Там она застала Симэня. На руках у Жуи спал Гуаньгэ.
– Что ж ты не сказавшись унесла ребенка? – спросила Пинъэр кормилицу.
– Матушка Старшая увидала Лайаня с фонарем и велела проводить нас с Гуаньгэ, – объяснила Жуи. – Гуаньгэ всплакнул было. Только что убаюкала.
– Все тебя искал, – говорил Симэнь. – Вот только успокоился.
– По случаю нынешней помолвки хочу поблагодарить тебя земным поклоном, – обратившись к Симэню, сказала Пинъэр и грациозно склонилась пред ним.
Довольный Симэнь расплылся в улыбке и, приподнимая Пинъэр, посадил рядом с собой. Инчунь было велено накрыть стол, и они начали пировать.
А пока расскажем о Цзиньлянь. Зная, что Симэнь остался у Пинъэр, она шла к себе в самом дурном расположении духа. Постучалась. Цюцзюй открыла не сразу.
– Негодяйка, рабское отродье! – закричала Цзиньлянь и угостила служанку пощечиной. – Сколько тебя ждать! Что ты тут только делаешь? Зачем приставлена?
Цзиньлянь прошла в спальню и села. Вышла Чуньмэй и, земным поклоном приветствуя ее, подала чай.
– Что делала эта негодница, рабское отродье? – спросила горничную Цзиньлянь.
– Да во дворе сидела, – отвечала Чуньмэй. – Открой, говорю, а она и ухом не ведет.
– Все верно! Вы, мол, деритесь, а я буду себе семечки грызть, тебе досаждать.
Она уж хотела было тут же избить Цюцзюй, да побоялась, как бы не услыхал Симэнь, понизила голос и, озлобленная, стала раздеваться. Чуньмэй расстелила ей постель, и она легла.

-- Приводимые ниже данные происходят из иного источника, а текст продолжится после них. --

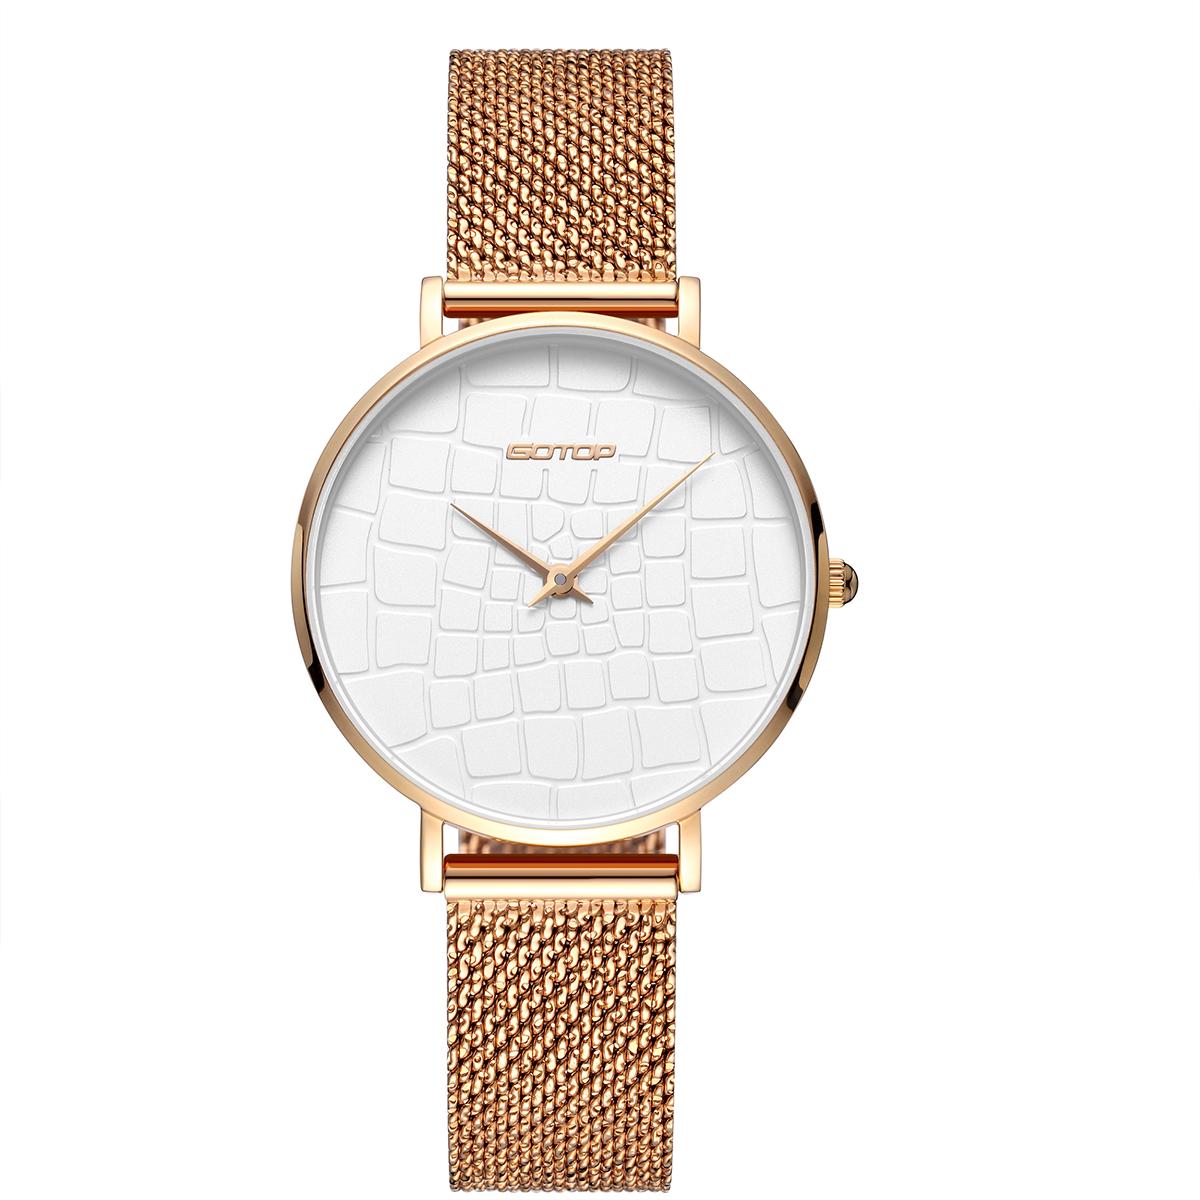 SS550 Slim Case Mesh Strap Women's Watch

На другое утро Симэнь отправился в управу. Цзиньлянь поставила Цюцзюй на колени посреди двора и велела держать большой камень на голове, а сама занялась утренним туалетом. Потом она велела Чуньмэй снять с Цюцзюй штаны.
– У, рабское твое отродье! – ругалась на нее Чуньмэй. – Чтоб я стала снимать с тебя штаны, срамная грязнуха, руки пачкать!

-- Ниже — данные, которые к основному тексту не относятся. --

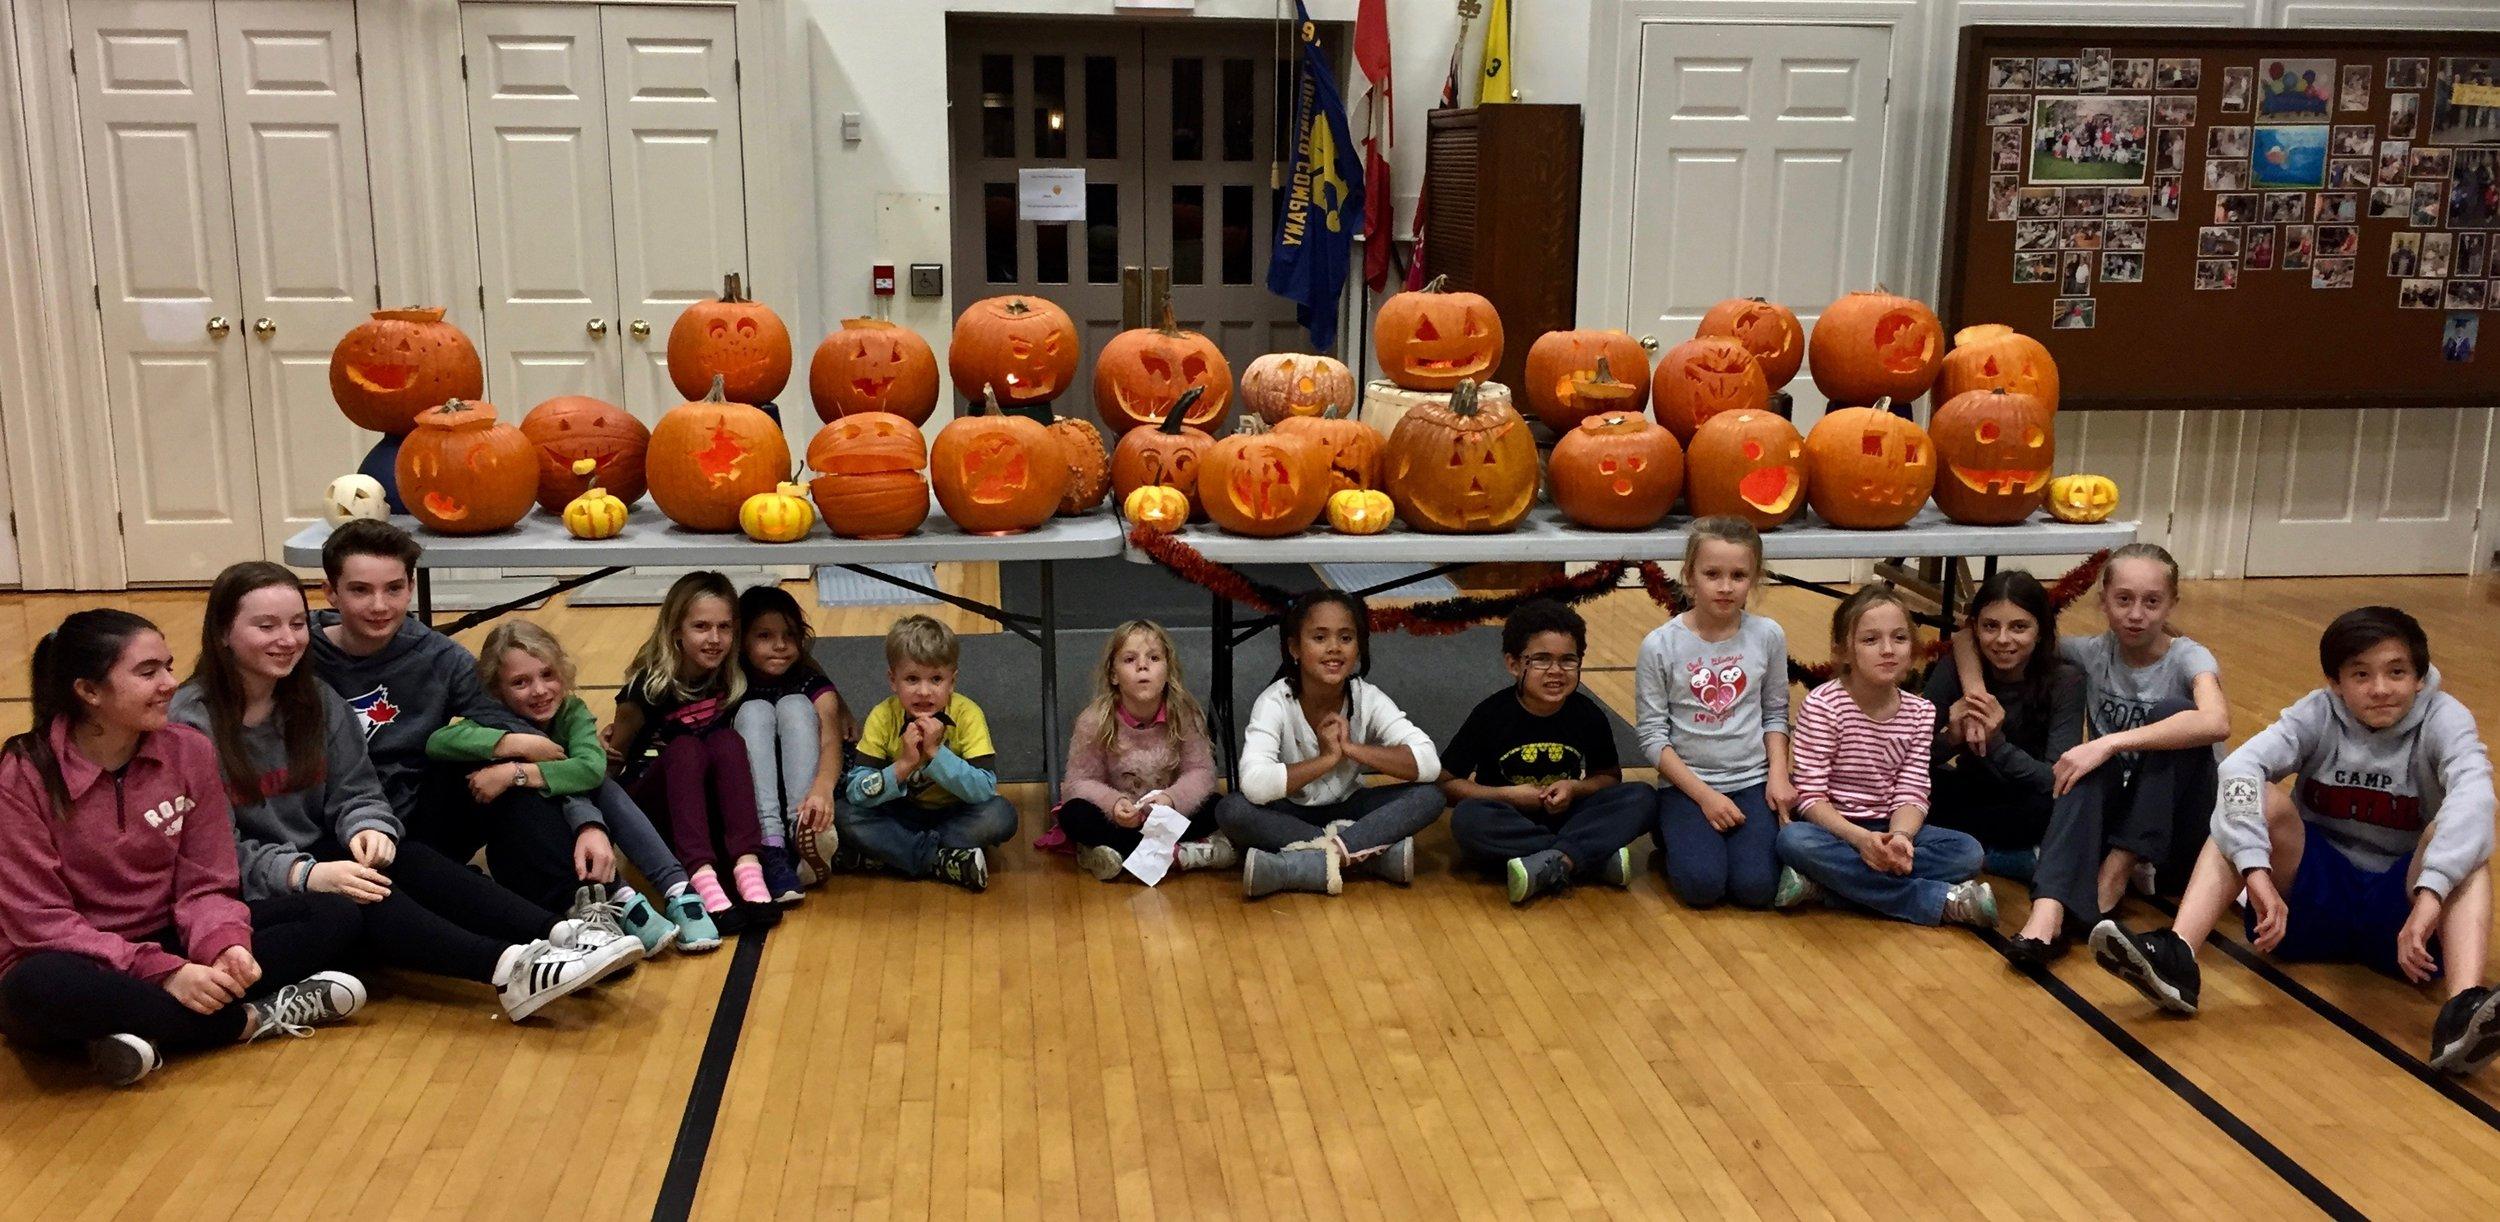 Pumpkin Party 2017!

Она позвала из передней Хуатуна и велела ему раздеть Цюцзюй.
– Потаскуха проклятая! – избивая служанку, приговаривала Цзиньлянь. – И с каких это пор так осмелела, рабское твое отродье? Потакают тебе здесь, только от меня спуску не жди. Знаю, куда ты гнешь, дорогая! Ничего, немножко припухнет, потом заживет. Что ты всюду суешься, кого из себя строишь? А заступниц лучше у меня не ищи. Глаза промою, за каждым твоим шагом следить буду. Смотри у меня!
Так она била Цюцзюй и приговаривала. Служанка кричала, будто ее режут.
Ли Пинъэр только встала. Гуаньгэ, как ни убаюкивала его Жуи, все время просыпался, пугаемый криком Цюцзюй. Пинъэр сразу поняла, для чего Цзиньлянь бьет служанку и кому адресована ее ругань, но молчала, стараясь закрыть младенцу уши.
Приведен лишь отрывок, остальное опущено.